Na prática, é só o começo
Na Ideatore estamos tratando a IA com respeito. Criando regras para usá-la com moderação, sempre tomando o cuidado para que o resultado das pesquisas seja o início do nosso trabalho, e não o produto final. Estamos usando a IA para agilizar processos que demorariam muito tempo, demandariam muitas fontes e muitas pessoas.
Vamos a alguns exemplos práticos. Ao criar o nome para um empreendimento imobiliário, usamos o prompt para nos ajudar a conhecer lugares do mundo com o perfil do nosso produto, mas nunca vamos pedir para o prompt criar o nome e vender isso para o cliente como fruto do nosso trabalho. Com base nessa lista de cidades, bairros e outros empreendimentos, iniciamos as reuniões de brainstorming. Ou seja, a IA faz parte do planejamento, do briefing, da inspiração é em cima disso que a criatividade dos nossos profissionais começa a trabalhar.
O cliente pode ele mesmo usar a IA para criar esses nomes, mas entendo que ele confia na experiência da agência, no bom senso, bom gosto e talento, na consultoria envolvida em todo o processo.
Em um outro projeto, o fornecedor está usando Inteligência Artificial para modular um cenário 3D que fará parte de um filme institucional. Foram inúmeras idas e vindas, mas inúmeras mesmo, com uma dezena de profissionais gabaritados envolvidos, para chegar ao resultado final. Sem essas pessoas ajudando, colocando seus pontos de vista, somando seus esforços, nenhuma Inteligência Artificial teria chegado ao maravilhoso resultado que chegamos.

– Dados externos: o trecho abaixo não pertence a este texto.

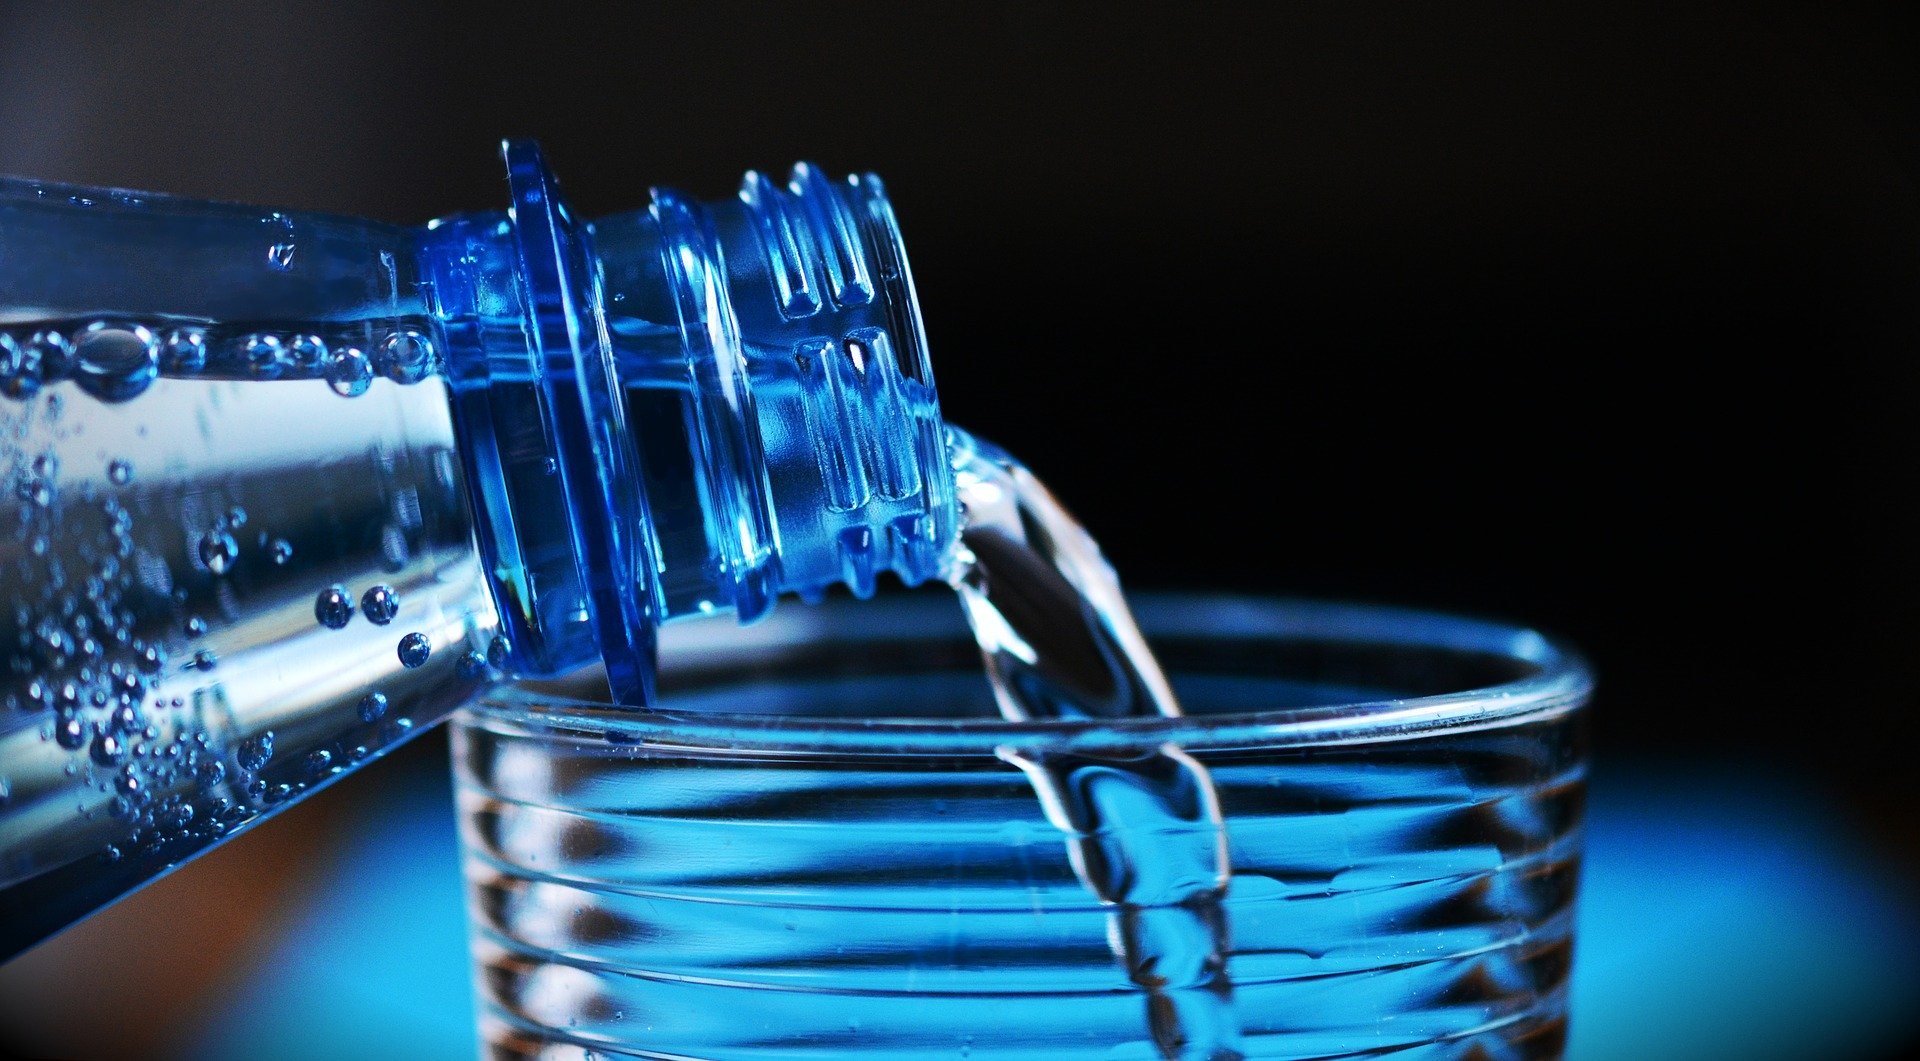 woda nalewana do szklanki z butelki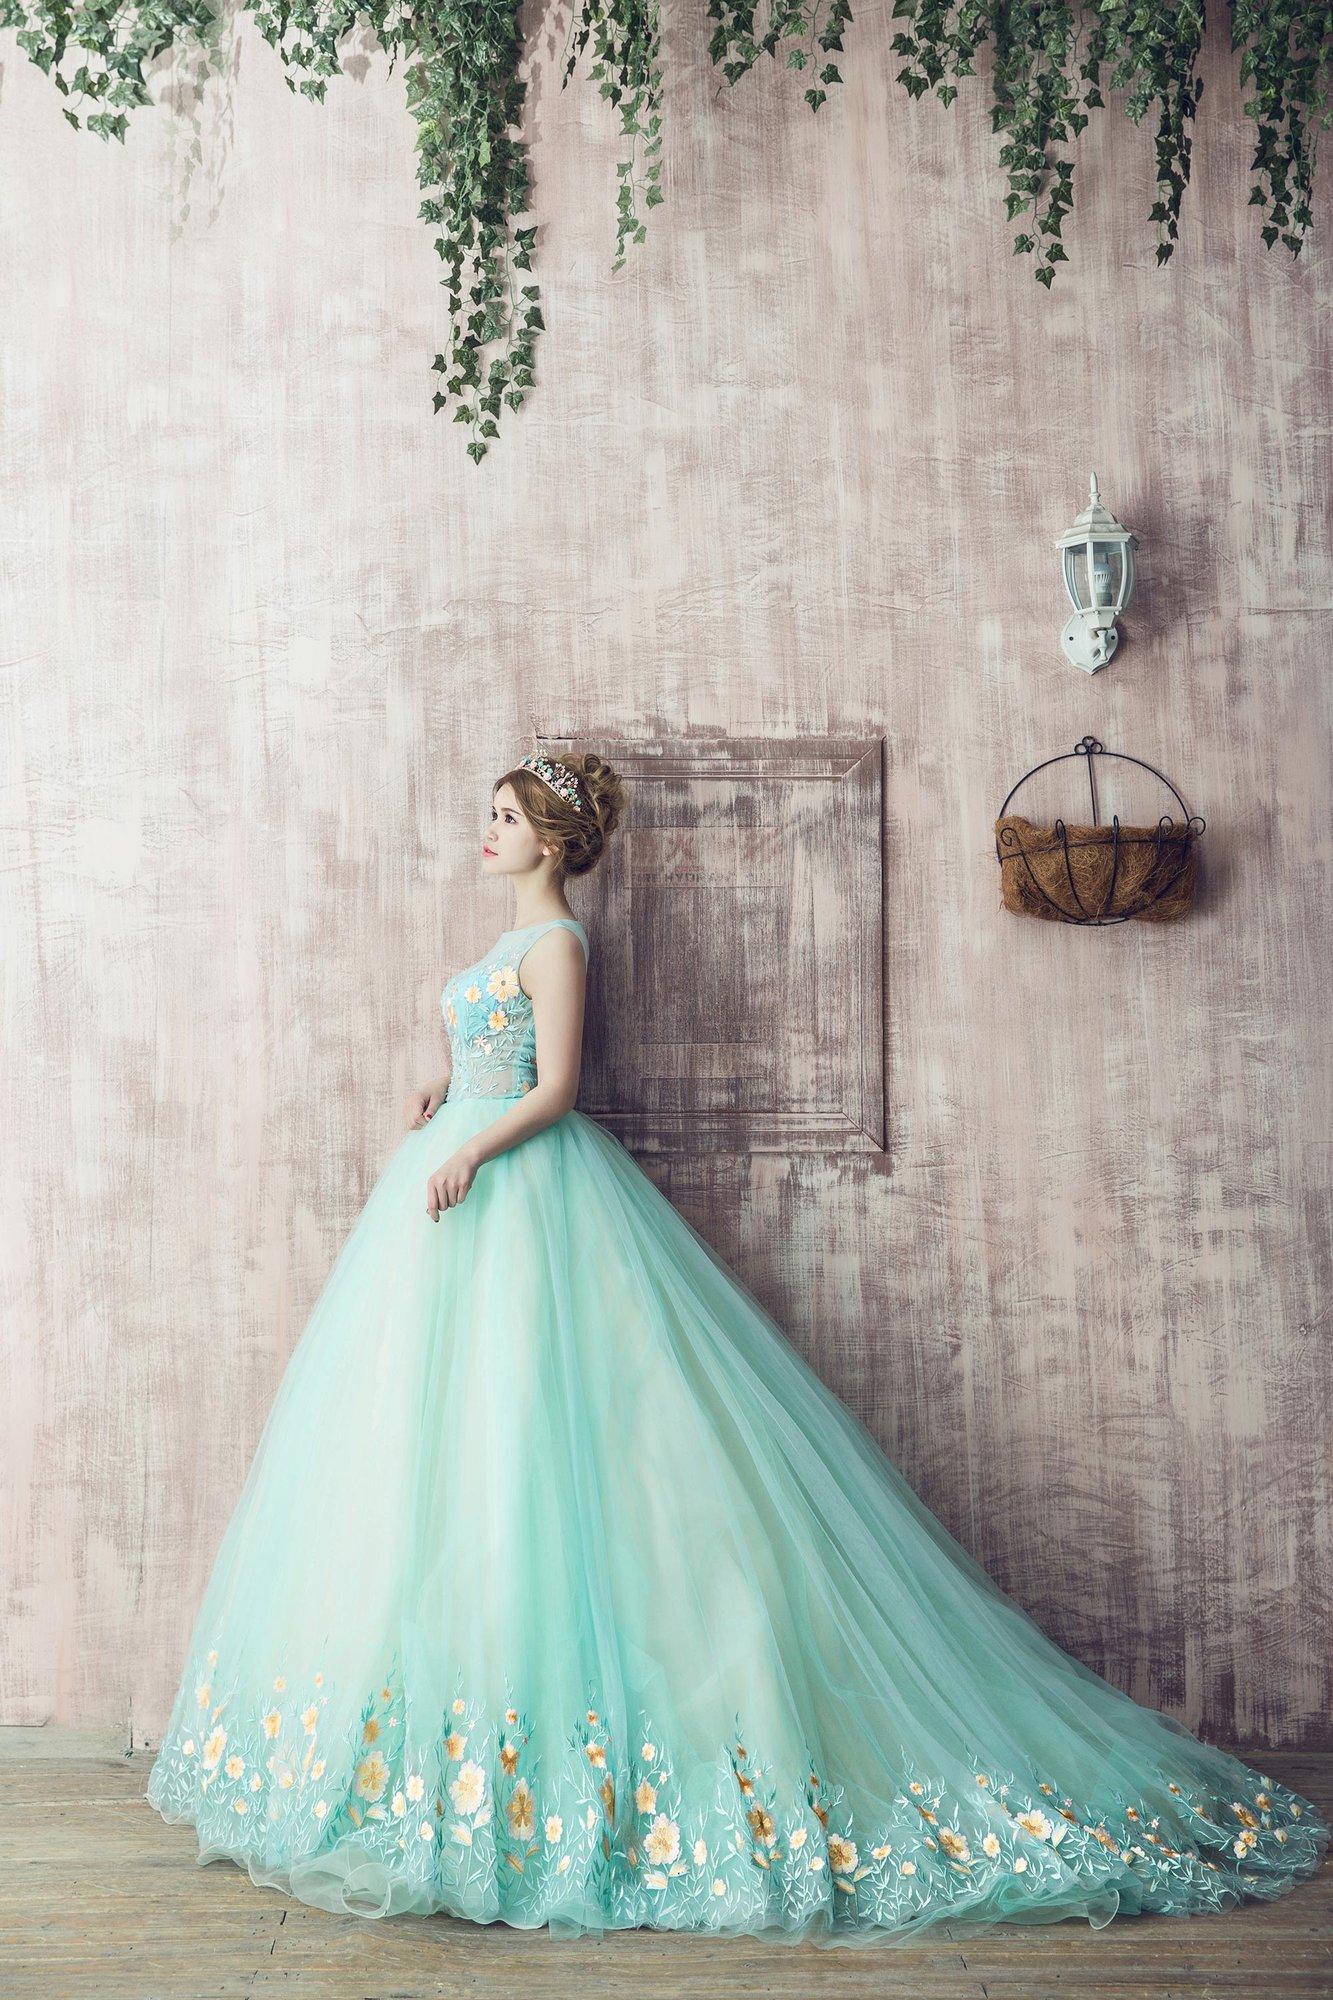 婚纱拍多少钱_现在拍一套婚纱照大概需要多少钱?

Mais uma vez o papel consultivo de profissionais competentes fez a diferença, usando o novo denominador comum que é a IA. Foi mais rápido, foi mais fácil, mas o talento das pessoas, a criatividade impossível de simular, elevou a qualidade da entrega.
Assim como os softwares de edição, as câmeras digitais e a internet, a IA não é um fim, ela é um meio. Para quem sabe usá-la, um acelerador de talentos, um gerador de valor, um facilitador de tarefas. Se a pessoa só sabia recortar e colar, provavelmente ela mudou de ramo quando o Corel chegou. Se o único diferencial do fotógrafo era ter dinheiro pra comprar o equipamento, ele deve ter aberto um restaurante ou uma pousada na praia e passou a usar as câmeras digitais para registrar os momentos com sua família. Se tudo o que a agência oferecia era criatividade pela criatividade, uma epifania da ideia sem embasamento mercadológico, provavelmente ela foi engolida pelo digital.
Mas quem tem uma visão global do seu trabalho e do mercado usa essas transformações para se diferenciar. Os bons criativos viram em Corel, Photoshop, Illustrator, After Effects, InDesign um trampolim para suas ideias. Muitos limites técnicos e temporais só puderam ser superados com essa evolução da computação. Para o fotógrafo que tem um olhar único, um senso estético diferenciado, as câmeras digitais trouxeram agilidade, segurança e possibilidade de realizar muitos mais trabalhos por dia e entregar muito mais imagens, e valor, para seus clientes. As agências que entenderam a mudança na medição de resultados e no alcance trazidos pelo digital e somaram isso à criatividade embasada, com visão mercadológica, conseguiram conquistar ainda mais a confiança de seus clientes.
Eu acredito na criatividade natural usando a Inteligência Artificial para gerar mais valor. Todo mundo tem acesso a pincel, mas nem todos são capazes de criar obras de arte.
*Thales Zeviani – Sócio-fundador e head of inspiration na Ideatore Americas.